▸ PROMPT: Copy the data that follows, character for character, minus the pictures.

▸ GIVEN INFORMATION:
******

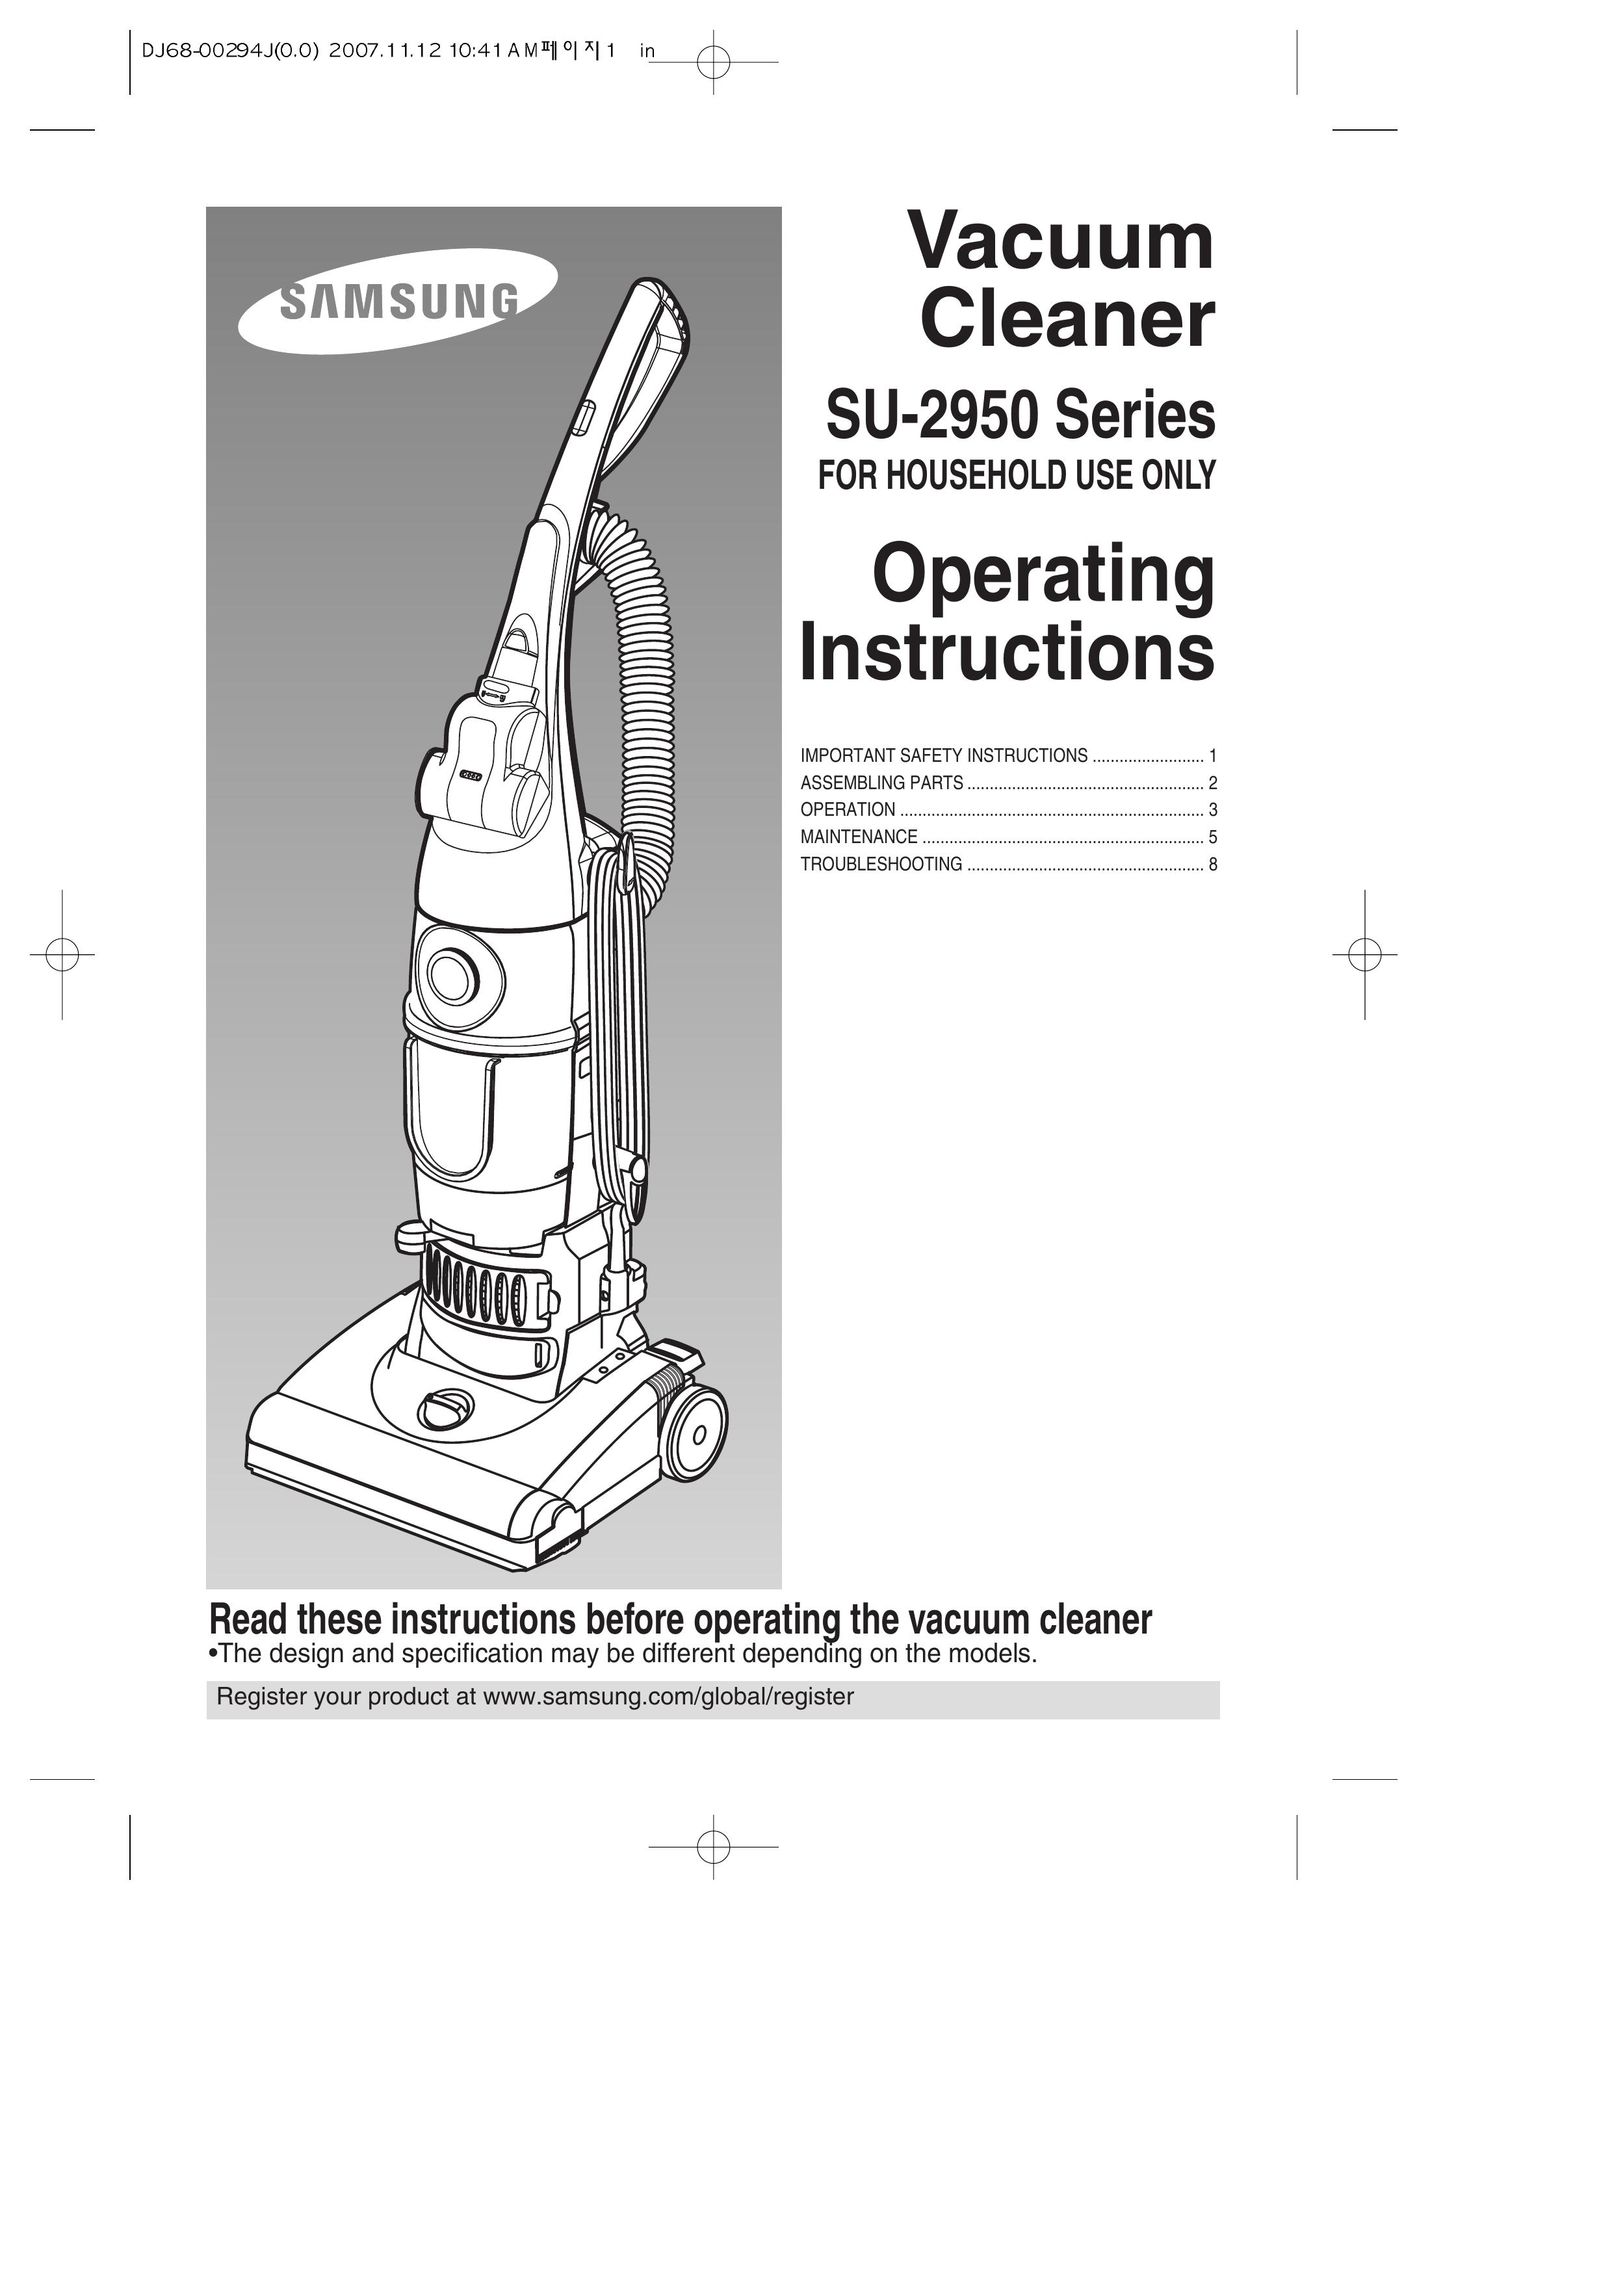 Samsung SU-2950 Series Vacuum Cleaner User Manual
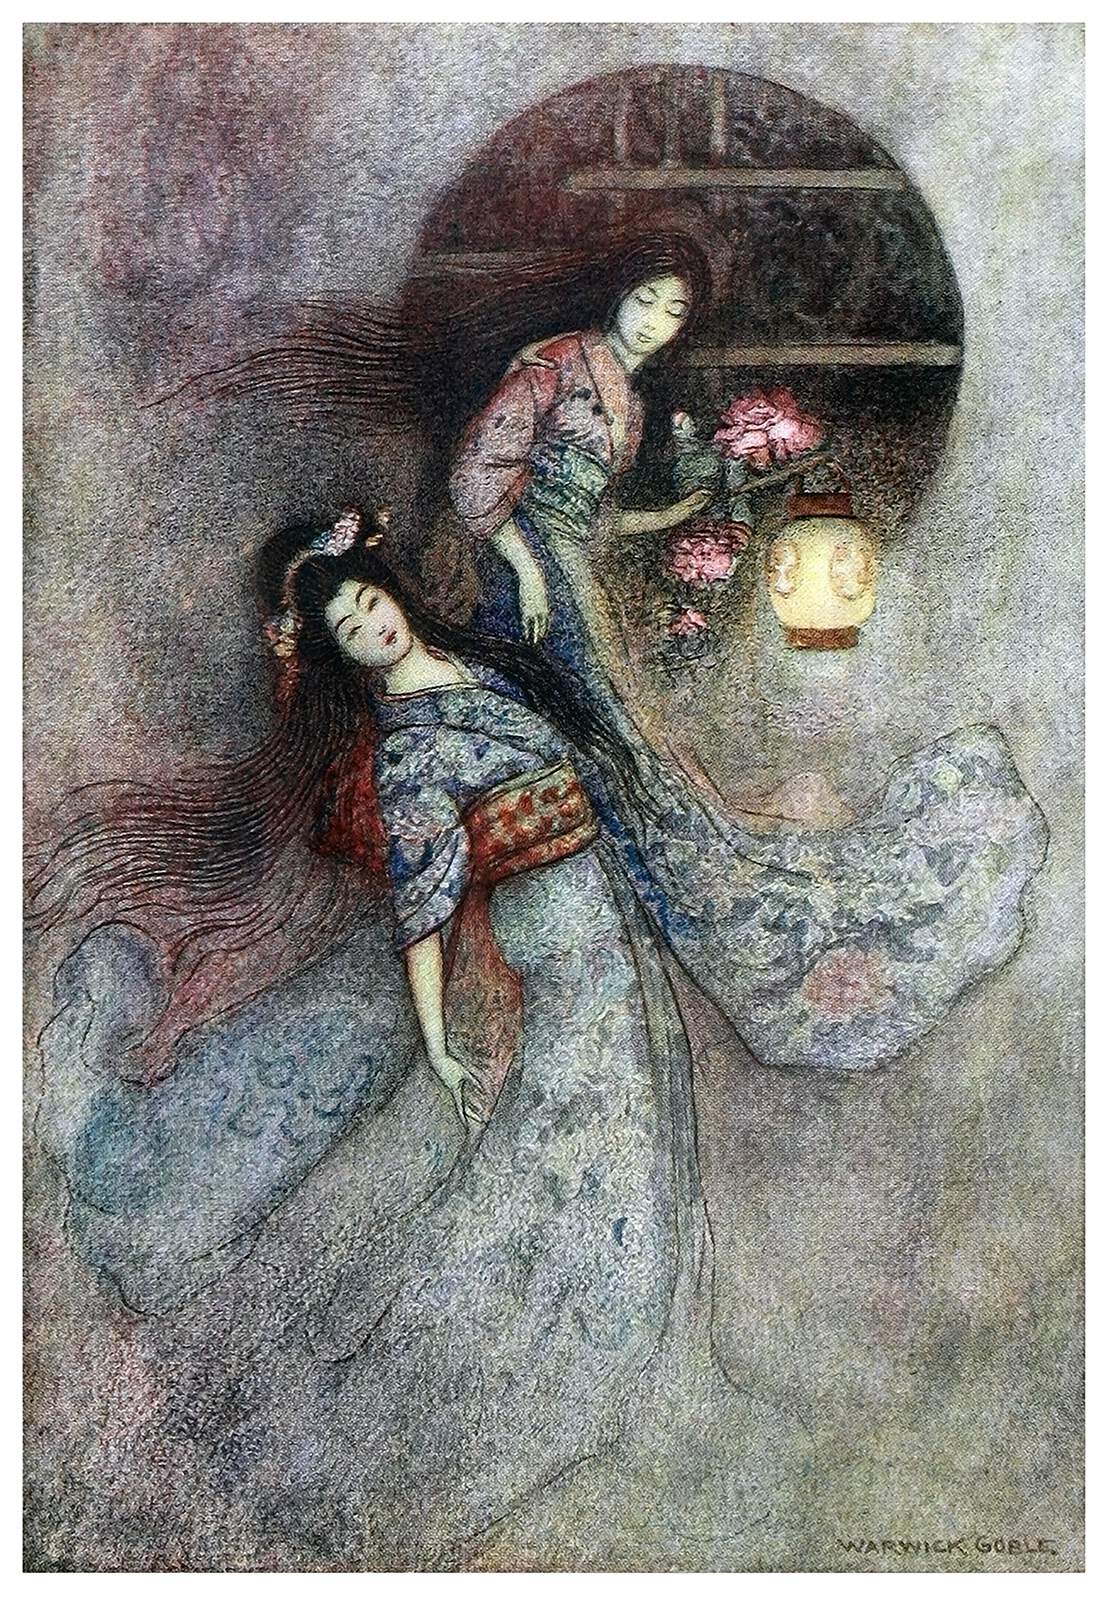 The Peony Lantern – Old Book Illustrations
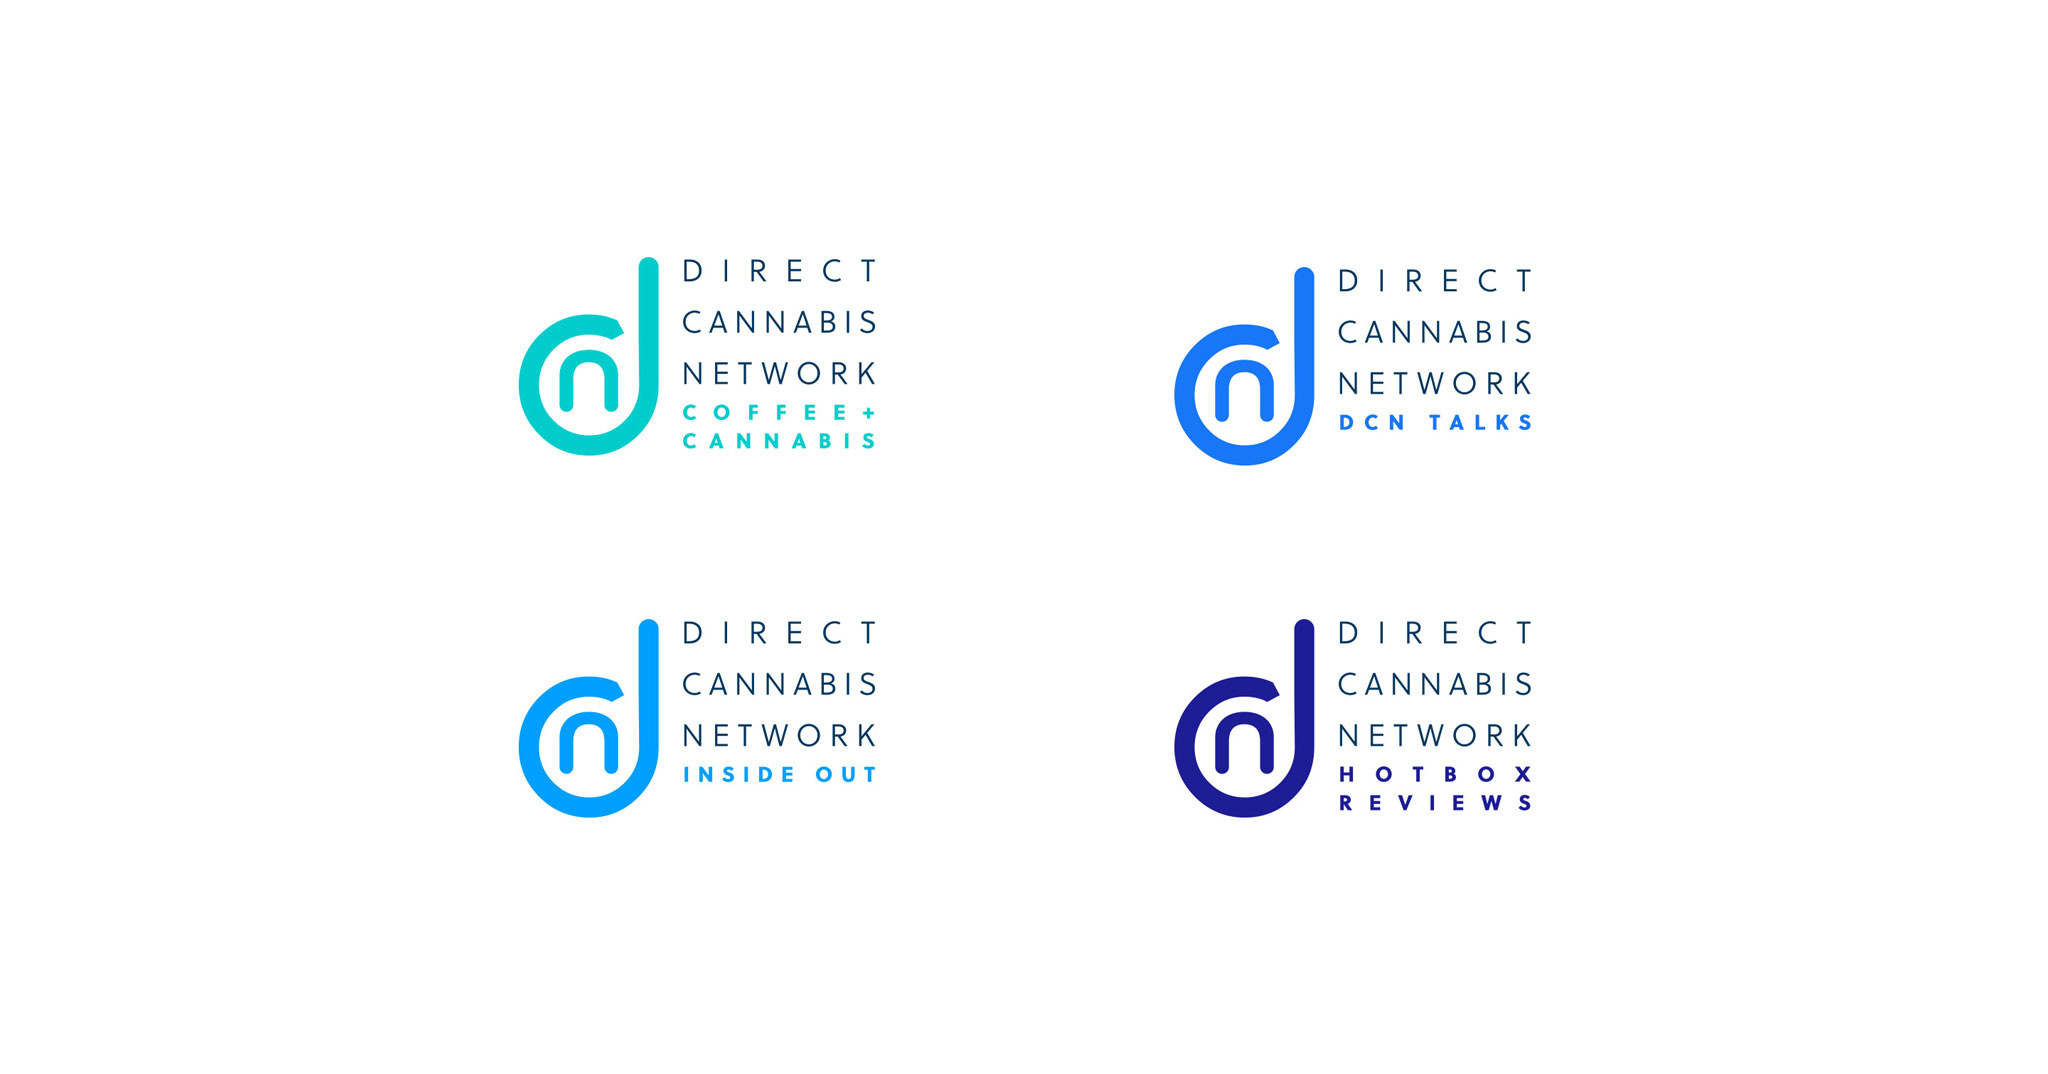 Direct Cannabis Network logo designs

******

▸ EXERCISE SOLUTION:
 Samsung SU-2950 Series Vacuum Cleaner User Manual
 The Peony Lantern – Old Book Illustrations
 Direct Cannabis Network logo designs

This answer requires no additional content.